The DataPublication@ U.Porto pilot gathers experiments where Dendro, a prototype Research Data Management platform, is used as a gateway to EUDAT. Dendro provides an ontology-based environment for dataset description and publication for the long tail of research. It is built as a multi-disciplinary platform and its preliminary evaluation was carried out with a panel of research groups from the University of Porto. In the scope of the pilot, researchers from several domains within the University of Porto will be asked to follow the steps of a prescribed workflow and organize, describe and deposit datasets created in the scope of their projects.
The Scientific Challenge
The main scientific challenge in the RDM research line where DataPublication@ U.Porto fits is the definition of diverse metadata models and their joint use in the Dendro platform.
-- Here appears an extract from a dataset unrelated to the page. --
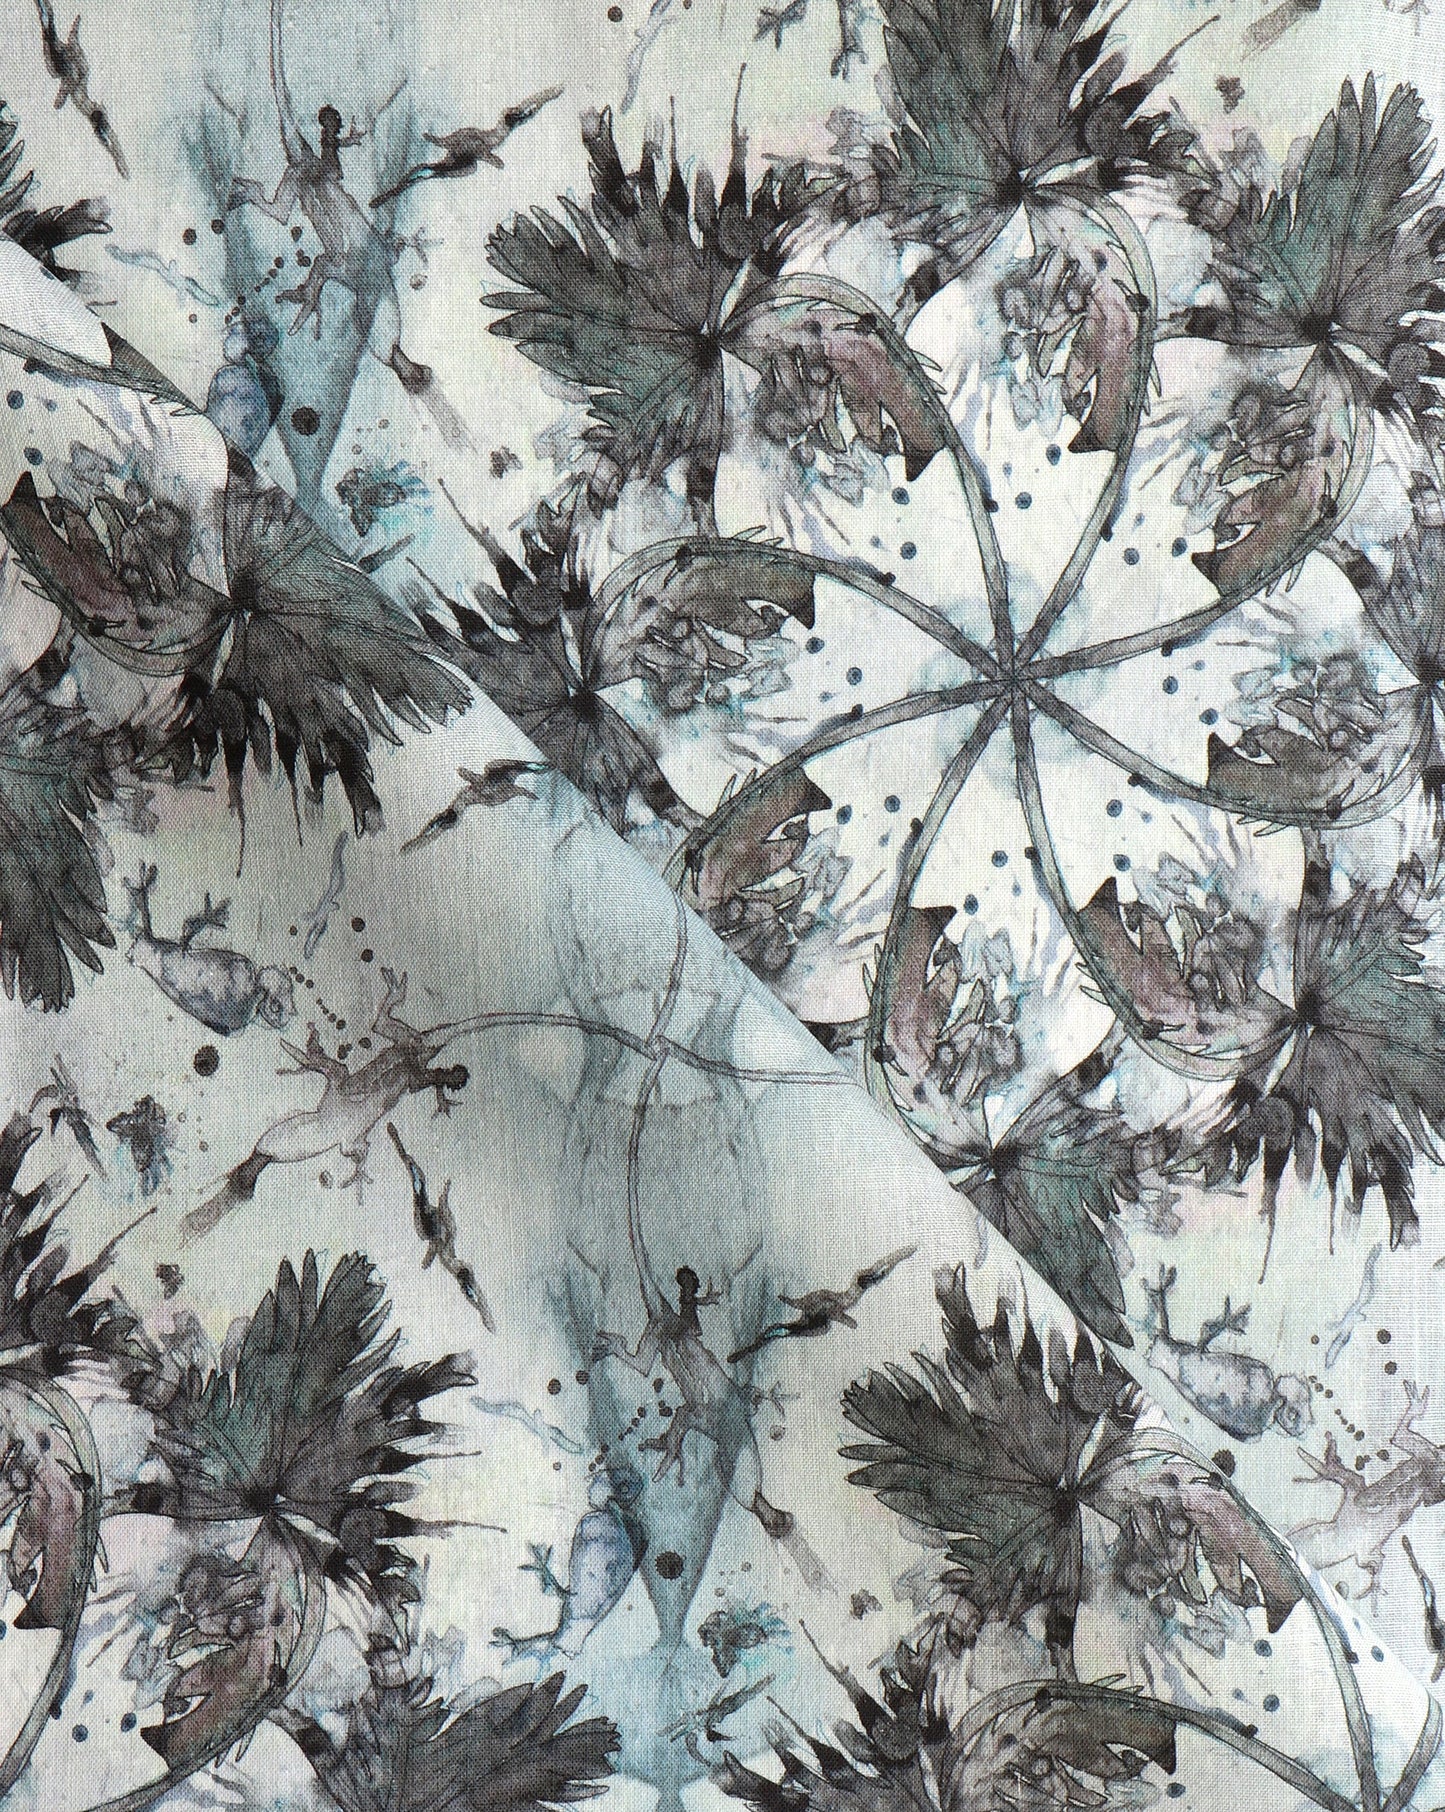 A high-end Laurel Forest Fabric with a black and white floral pattern creates a tropical atmosphere reminiscent of the Laurel Forest

This has led to the use of recommendation techniques in Dendro, to help users in each domain pick the appropriate descriptors for their data. The second challenge concerns the data management workflows. We intend to build on previous small-scale experiments covering the definition of metadata models, and their use in Dendro to describe datasets, expanding the pilot to a larger multi-domain community.
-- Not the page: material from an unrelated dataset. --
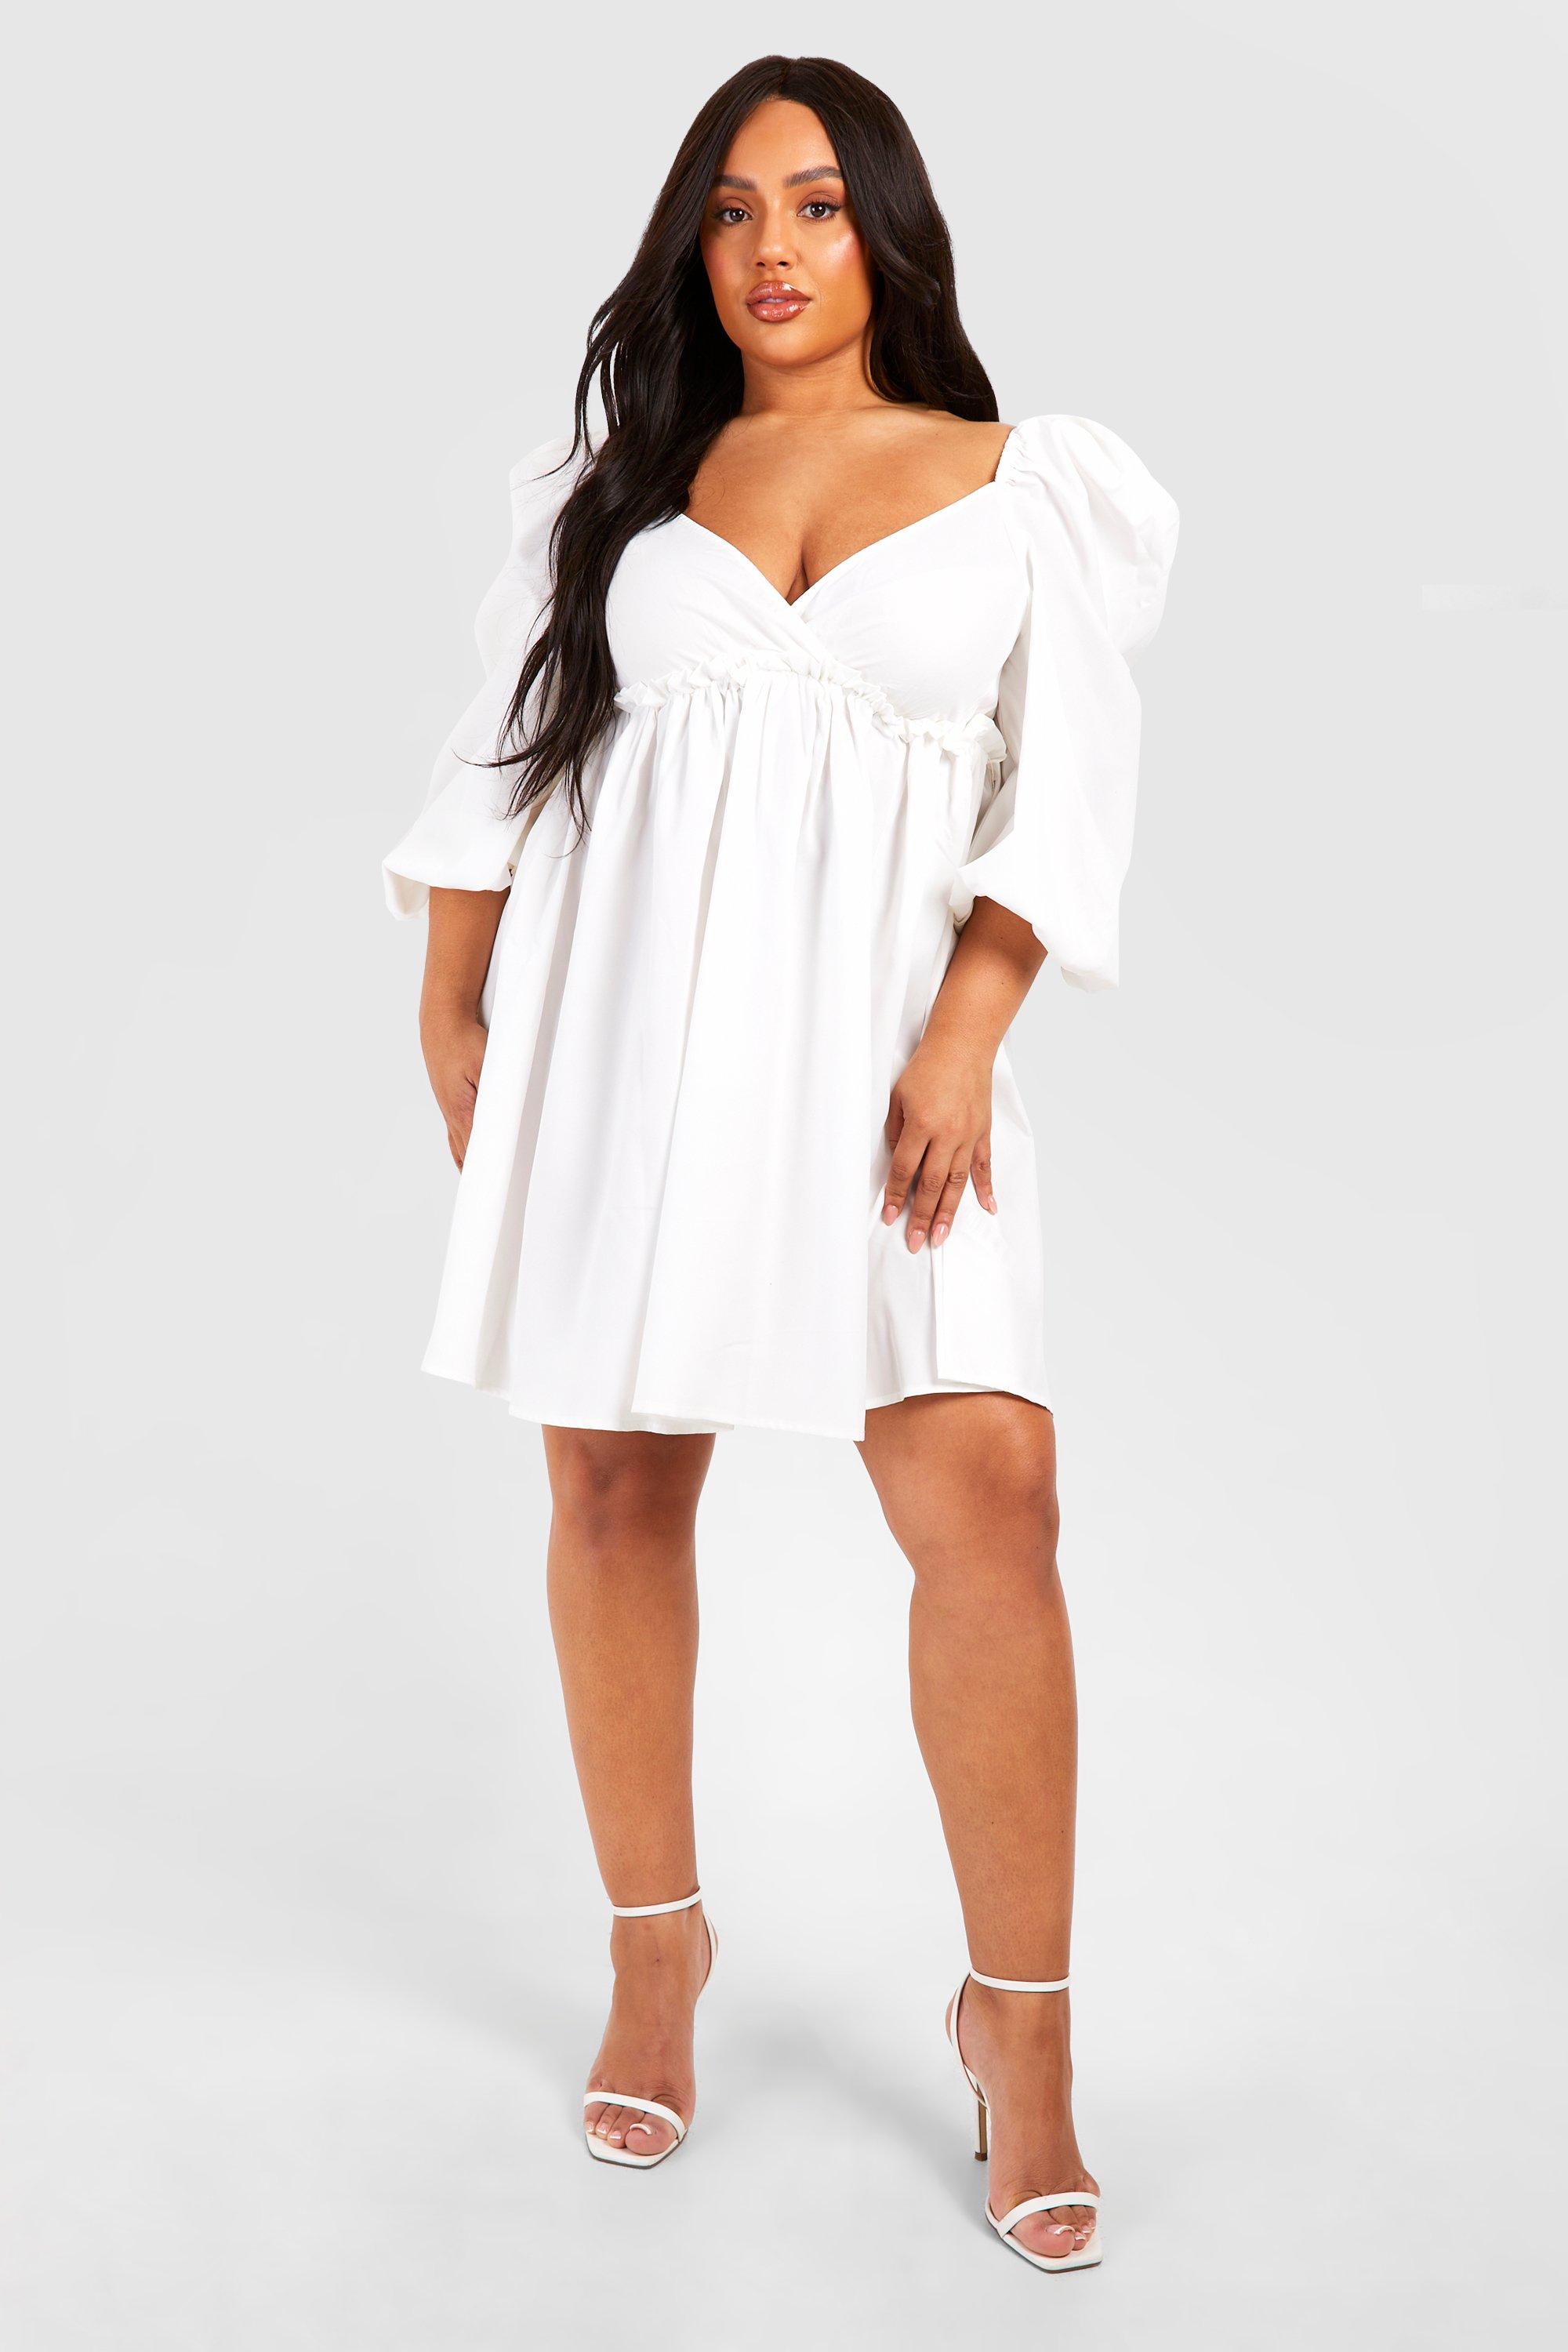 Plus Size | The White Dress by the Shore

The main technical challenge in the DataPublication@ U.Porto pilot is the use of EUDAT as a long-term repository for the University of Porto. Besides this, the pilot will also consider the data staging services of EUDAT and assess their features, in order to compare them with those already available in Dendro. Given the diversity of research domains in the pilot, we expect that this will result in some solutions being more appropriate for some research groups than others. The extension of the panel will provide more evidence of the effectiveness of the Dendro platform, while in other cases an all-EUDAT solution may prove more effective.
Another possibility to be considered is a hybrid approach, where Dendro is used in the early stages of RDM, providing a data storage, description and deposit environment to researchers, similarly to what B2Drop and B2Share already do, but long-term deposit and retrieval will be handled by the EUDAT platform. Our platform has so far been tested with a panel of 11 research groups, which we expect to extend to 50 groups during the pilot.
Who benefits and how?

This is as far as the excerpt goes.